Top of Exercise input

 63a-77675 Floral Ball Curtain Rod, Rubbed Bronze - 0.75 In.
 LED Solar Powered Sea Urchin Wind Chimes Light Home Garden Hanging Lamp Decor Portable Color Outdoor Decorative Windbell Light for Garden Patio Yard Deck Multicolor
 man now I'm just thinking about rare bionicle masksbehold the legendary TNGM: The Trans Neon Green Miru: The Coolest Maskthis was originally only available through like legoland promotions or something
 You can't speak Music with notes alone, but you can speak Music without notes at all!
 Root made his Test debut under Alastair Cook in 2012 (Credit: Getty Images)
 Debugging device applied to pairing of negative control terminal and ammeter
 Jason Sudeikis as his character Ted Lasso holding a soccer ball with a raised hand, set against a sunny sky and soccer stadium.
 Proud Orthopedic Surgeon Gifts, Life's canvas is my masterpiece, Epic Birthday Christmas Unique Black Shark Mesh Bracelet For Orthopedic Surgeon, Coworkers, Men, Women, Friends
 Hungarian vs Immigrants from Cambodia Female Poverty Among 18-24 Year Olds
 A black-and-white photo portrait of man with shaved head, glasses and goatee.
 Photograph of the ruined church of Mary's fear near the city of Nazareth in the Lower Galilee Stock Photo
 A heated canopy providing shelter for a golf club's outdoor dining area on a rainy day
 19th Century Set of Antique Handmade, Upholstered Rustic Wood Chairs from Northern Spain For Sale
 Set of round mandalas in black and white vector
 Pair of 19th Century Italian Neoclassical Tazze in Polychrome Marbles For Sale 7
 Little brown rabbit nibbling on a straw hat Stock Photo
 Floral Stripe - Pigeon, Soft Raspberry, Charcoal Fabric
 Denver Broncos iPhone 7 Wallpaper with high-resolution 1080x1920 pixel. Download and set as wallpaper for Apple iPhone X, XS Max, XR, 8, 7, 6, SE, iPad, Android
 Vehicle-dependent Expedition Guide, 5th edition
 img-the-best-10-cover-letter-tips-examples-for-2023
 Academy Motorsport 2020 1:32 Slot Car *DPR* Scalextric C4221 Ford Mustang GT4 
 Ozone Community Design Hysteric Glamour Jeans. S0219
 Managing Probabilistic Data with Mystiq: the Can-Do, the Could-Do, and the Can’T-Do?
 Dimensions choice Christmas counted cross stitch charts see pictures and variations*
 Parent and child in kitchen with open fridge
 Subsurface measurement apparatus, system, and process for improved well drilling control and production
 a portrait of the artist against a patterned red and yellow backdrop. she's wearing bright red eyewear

Bottom of Exercise input

Exercise: The required answer is the run of lines above, starting at the line with "Vehicle-dependent Expedition Guide, 5th" and ending at the line with "Managing Probabilistic Data", reproduced exactly with both ends.

Expected answer:
 Vehicle-dependent Expedition Guide, 5th edition
 img-the-best-10-cover-letter-tips-examples-for-2023
 Academy Motorsport 2020 1:32 Slot Car *DPR* Scalextric C4221 Ford Mustang GT4 
 Ozone Community Design Hysteric Glamour Jeans. S0219
 Managing Probabilistic Data with Mystiq: the Can-Do, the Could-Do, and the Can’T-Do?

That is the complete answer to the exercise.